▼▼▼

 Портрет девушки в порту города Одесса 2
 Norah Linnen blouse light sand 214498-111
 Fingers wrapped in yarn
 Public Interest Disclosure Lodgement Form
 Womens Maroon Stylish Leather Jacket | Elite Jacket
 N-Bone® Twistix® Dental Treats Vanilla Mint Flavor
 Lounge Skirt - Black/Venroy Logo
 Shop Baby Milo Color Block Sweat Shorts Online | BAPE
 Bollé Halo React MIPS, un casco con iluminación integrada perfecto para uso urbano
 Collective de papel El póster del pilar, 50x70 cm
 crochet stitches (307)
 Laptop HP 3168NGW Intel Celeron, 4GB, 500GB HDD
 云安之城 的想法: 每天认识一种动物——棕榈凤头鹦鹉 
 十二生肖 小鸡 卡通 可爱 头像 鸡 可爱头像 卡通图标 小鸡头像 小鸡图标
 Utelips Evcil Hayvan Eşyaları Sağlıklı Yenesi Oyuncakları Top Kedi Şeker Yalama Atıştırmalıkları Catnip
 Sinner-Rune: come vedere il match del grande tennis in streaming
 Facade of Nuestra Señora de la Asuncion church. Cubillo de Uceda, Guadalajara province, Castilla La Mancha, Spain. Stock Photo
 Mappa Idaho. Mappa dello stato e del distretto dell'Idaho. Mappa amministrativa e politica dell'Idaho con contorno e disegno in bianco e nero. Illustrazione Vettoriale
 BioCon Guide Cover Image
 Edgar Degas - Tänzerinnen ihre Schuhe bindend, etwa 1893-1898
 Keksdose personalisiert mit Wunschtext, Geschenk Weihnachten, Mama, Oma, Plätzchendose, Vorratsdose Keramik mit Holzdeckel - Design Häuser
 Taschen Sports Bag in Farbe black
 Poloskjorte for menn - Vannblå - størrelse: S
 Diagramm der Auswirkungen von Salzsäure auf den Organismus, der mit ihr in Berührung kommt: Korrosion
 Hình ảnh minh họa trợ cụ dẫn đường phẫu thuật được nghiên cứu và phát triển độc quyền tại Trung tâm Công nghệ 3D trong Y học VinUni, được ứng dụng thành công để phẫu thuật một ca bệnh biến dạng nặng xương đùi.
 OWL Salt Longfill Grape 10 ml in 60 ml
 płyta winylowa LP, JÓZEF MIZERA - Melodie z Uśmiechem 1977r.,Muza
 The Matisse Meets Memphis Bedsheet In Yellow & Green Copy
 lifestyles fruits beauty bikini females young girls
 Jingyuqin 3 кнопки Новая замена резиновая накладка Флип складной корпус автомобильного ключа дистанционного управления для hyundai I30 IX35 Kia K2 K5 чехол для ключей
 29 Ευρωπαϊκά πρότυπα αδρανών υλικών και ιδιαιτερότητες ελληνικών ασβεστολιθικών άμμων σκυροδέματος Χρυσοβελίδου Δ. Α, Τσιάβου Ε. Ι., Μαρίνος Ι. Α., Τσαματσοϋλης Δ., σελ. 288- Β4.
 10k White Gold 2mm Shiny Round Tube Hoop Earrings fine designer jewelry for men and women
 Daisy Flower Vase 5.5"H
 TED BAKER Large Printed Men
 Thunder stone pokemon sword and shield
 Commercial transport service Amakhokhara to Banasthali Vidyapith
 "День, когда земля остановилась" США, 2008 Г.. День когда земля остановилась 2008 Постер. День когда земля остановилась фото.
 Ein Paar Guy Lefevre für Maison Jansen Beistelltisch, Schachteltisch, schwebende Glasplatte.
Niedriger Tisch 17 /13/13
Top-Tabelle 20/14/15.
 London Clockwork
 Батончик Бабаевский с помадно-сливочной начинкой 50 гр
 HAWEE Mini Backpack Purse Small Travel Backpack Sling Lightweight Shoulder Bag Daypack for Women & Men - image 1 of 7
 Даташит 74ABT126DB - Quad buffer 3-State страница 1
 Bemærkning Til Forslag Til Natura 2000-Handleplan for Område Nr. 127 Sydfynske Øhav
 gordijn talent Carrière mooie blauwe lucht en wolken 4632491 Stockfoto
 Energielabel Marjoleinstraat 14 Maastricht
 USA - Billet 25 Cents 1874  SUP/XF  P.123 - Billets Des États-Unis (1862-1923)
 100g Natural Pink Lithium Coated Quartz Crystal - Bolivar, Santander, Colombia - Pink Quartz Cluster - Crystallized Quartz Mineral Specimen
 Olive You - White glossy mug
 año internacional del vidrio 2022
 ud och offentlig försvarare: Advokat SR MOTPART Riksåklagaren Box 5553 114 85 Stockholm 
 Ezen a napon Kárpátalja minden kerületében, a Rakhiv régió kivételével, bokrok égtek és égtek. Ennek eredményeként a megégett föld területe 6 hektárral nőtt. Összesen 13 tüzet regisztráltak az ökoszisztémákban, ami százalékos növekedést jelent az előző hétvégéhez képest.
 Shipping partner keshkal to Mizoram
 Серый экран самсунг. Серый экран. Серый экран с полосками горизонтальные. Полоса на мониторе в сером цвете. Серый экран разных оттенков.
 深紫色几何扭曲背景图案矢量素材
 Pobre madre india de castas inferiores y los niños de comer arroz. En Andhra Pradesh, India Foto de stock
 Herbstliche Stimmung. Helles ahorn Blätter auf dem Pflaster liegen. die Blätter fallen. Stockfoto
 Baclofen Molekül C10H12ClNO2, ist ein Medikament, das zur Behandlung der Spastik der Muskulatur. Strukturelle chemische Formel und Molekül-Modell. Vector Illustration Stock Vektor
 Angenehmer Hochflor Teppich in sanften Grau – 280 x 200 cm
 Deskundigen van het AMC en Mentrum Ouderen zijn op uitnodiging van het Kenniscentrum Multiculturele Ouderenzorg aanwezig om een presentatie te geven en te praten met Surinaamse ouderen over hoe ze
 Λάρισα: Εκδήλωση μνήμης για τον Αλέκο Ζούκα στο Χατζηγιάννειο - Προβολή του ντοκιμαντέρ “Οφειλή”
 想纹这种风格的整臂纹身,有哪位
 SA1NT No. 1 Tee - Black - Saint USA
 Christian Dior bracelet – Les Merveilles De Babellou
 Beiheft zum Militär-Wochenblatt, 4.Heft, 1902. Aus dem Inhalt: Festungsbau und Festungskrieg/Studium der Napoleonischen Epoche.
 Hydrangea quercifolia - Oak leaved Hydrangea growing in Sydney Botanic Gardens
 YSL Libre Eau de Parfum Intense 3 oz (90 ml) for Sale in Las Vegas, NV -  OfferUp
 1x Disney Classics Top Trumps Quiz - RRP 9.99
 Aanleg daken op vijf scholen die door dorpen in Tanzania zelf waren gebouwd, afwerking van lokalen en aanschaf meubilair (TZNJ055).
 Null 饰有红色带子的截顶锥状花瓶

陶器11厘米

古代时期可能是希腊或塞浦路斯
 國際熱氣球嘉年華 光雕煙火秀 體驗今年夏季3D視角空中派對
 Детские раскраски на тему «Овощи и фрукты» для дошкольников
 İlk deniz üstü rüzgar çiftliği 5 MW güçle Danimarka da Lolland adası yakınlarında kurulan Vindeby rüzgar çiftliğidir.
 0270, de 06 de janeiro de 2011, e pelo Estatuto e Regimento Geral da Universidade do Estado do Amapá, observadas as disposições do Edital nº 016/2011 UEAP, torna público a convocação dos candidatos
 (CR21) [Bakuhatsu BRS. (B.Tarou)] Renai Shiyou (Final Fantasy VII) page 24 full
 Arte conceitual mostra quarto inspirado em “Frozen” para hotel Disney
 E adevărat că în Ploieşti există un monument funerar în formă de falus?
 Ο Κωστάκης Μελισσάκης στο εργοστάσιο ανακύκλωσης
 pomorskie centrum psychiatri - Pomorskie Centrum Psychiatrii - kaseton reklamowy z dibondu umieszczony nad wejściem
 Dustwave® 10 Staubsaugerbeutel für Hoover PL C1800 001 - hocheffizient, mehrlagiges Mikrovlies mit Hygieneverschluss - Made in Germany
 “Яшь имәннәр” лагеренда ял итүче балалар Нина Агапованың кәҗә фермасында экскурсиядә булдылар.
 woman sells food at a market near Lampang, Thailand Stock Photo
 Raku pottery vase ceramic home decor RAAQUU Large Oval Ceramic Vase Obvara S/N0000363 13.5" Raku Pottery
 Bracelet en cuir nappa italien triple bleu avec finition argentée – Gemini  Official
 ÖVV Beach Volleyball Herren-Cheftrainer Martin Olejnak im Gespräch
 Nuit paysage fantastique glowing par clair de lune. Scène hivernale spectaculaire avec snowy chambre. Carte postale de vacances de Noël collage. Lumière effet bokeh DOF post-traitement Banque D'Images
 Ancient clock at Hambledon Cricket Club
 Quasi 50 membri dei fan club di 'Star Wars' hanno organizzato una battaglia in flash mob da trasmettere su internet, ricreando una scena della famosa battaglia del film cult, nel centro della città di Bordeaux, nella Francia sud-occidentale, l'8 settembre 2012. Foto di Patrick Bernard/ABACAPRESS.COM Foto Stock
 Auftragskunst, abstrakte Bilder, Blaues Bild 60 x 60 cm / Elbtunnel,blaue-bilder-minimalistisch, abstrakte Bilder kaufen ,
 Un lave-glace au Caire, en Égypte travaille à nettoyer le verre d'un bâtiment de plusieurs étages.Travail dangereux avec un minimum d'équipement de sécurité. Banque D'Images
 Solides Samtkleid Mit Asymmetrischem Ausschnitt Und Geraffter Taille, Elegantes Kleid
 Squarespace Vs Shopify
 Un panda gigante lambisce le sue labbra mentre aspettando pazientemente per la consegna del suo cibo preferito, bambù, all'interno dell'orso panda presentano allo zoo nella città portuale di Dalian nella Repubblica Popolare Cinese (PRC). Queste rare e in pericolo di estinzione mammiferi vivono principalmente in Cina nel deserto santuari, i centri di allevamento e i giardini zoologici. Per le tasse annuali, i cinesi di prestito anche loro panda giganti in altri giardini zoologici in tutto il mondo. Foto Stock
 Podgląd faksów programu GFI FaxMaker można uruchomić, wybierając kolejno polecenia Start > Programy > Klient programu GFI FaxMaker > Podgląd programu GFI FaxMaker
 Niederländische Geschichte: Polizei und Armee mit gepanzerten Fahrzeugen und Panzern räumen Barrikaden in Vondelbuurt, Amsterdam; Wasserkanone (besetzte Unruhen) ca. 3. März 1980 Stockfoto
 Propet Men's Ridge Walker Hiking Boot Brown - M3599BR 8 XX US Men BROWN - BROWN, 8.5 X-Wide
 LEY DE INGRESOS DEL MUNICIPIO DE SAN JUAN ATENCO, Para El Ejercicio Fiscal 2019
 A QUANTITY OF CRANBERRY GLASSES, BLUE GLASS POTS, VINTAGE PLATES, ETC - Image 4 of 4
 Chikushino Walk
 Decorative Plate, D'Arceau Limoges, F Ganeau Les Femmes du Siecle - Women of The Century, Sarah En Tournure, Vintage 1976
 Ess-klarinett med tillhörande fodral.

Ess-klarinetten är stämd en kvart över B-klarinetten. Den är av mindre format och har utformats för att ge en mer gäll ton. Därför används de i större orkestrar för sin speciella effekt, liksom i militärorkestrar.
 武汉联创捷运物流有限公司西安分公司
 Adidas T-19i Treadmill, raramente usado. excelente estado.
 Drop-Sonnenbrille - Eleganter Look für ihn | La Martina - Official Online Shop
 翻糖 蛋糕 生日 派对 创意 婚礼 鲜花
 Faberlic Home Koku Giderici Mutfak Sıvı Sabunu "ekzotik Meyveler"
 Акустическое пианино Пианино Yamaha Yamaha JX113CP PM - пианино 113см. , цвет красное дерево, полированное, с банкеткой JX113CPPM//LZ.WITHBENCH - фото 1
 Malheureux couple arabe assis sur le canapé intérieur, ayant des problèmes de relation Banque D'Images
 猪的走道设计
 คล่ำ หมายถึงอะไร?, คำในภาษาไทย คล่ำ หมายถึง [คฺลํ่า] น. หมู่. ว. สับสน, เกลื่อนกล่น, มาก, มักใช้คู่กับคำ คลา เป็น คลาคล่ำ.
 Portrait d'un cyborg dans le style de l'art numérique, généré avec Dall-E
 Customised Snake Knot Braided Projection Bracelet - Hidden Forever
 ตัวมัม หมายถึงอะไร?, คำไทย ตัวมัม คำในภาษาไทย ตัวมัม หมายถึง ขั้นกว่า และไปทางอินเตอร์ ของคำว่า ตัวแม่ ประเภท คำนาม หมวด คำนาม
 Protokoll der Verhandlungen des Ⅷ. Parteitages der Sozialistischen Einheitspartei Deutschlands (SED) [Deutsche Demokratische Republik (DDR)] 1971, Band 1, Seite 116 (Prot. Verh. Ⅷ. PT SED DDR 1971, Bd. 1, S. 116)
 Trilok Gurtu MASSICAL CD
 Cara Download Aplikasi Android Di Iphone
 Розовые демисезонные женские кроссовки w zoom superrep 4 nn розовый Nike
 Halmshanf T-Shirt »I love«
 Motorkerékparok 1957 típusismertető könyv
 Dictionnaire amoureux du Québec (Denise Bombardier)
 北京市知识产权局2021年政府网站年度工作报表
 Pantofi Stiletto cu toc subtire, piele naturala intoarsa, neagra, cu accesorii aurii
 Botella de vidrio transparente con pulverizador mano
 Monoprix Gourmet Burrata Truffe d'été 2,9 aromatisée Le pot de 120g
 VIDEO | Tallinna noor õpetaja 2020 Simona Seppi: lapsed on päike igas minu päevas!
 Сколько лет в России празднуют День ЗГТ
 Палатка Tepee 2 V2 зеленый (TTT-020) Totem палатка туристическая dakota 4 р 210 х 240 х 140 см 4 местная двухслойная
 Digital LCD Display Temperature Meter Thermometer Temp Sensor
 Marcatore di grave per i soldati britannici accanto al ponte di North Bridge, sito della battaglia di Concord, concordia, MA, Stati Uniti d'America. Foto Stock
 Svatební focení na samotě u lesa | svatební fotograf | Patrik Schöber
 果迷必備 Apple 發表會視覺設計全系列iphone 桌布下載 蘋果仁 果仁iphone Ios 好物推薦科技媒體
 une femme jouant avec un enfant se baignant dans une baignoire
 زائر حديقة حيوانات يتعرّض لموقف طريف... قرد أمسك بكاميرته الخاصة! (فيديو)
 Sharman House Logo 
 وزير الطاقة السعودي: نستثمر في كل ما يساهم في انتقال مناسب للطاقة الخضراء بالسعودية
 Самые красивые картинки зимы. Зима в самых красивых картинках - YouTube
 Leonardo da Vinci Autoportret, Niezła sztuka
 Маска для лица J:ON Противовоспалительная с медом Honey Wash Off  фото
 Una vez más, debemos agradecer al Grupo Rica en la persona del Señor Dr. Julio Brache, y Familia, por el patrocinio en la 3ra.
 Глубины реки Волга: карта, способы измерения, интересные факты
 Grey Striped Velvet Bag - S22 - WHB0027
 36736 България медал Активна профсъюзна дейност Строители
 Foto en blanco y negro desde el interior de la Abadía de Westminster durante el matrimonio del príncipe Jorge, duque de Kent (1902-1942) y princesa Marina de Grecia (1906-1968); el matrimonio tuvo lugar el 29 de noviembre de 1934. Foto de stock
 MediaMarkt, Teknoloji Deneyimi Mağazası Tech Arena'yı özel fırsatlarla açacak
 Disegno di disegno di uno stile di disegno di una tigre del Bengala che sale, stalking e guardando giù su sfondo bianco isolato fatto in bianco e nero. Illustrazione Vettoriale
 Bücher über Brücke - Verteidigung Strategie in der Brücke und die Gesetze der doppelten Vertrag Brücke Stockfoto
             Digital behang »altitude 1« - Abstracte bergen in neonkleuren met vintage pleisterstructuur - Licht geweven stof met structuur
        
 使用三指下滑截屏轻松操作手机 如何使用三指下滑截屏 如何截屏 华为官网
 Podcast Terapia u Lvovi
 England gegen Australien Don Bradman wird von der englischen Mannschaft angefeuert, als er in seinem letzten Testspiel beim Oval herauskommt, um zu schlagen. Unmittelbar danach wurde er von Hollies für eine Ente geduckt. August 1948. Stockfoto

▲▲▲

*EXERCISE AIM*
Among the lines above, find the one with "Daisy Flower Vase" and the one with "Батончик Бабаевский с". Quote both and everything between them, exactly.

*EXPECTED ANSWER*
 Daisy Flower Vase 5.5"H
 TED BAKER Large Printed Men
 Thunder stone pokemon sword and shield
 Commercial transport service Amakhokhara to Banasthali Vidyapith
 "День, когда земля остановилась" США, 2008 Г.. День когда земля остановилась 2008 Постер. День когда земля остановилась фото.
 Ein Paar Guy Lefevre für Maison Jansen Beistelltisch, Schachteltisch, schwebende Glasplatte.
Niedriger Tisch 17 /13/13
Top-Tabelle 20/14/15.
 London Clockwork
 Батончик Бабаевский с помадно-сливочной начинкой 50 гр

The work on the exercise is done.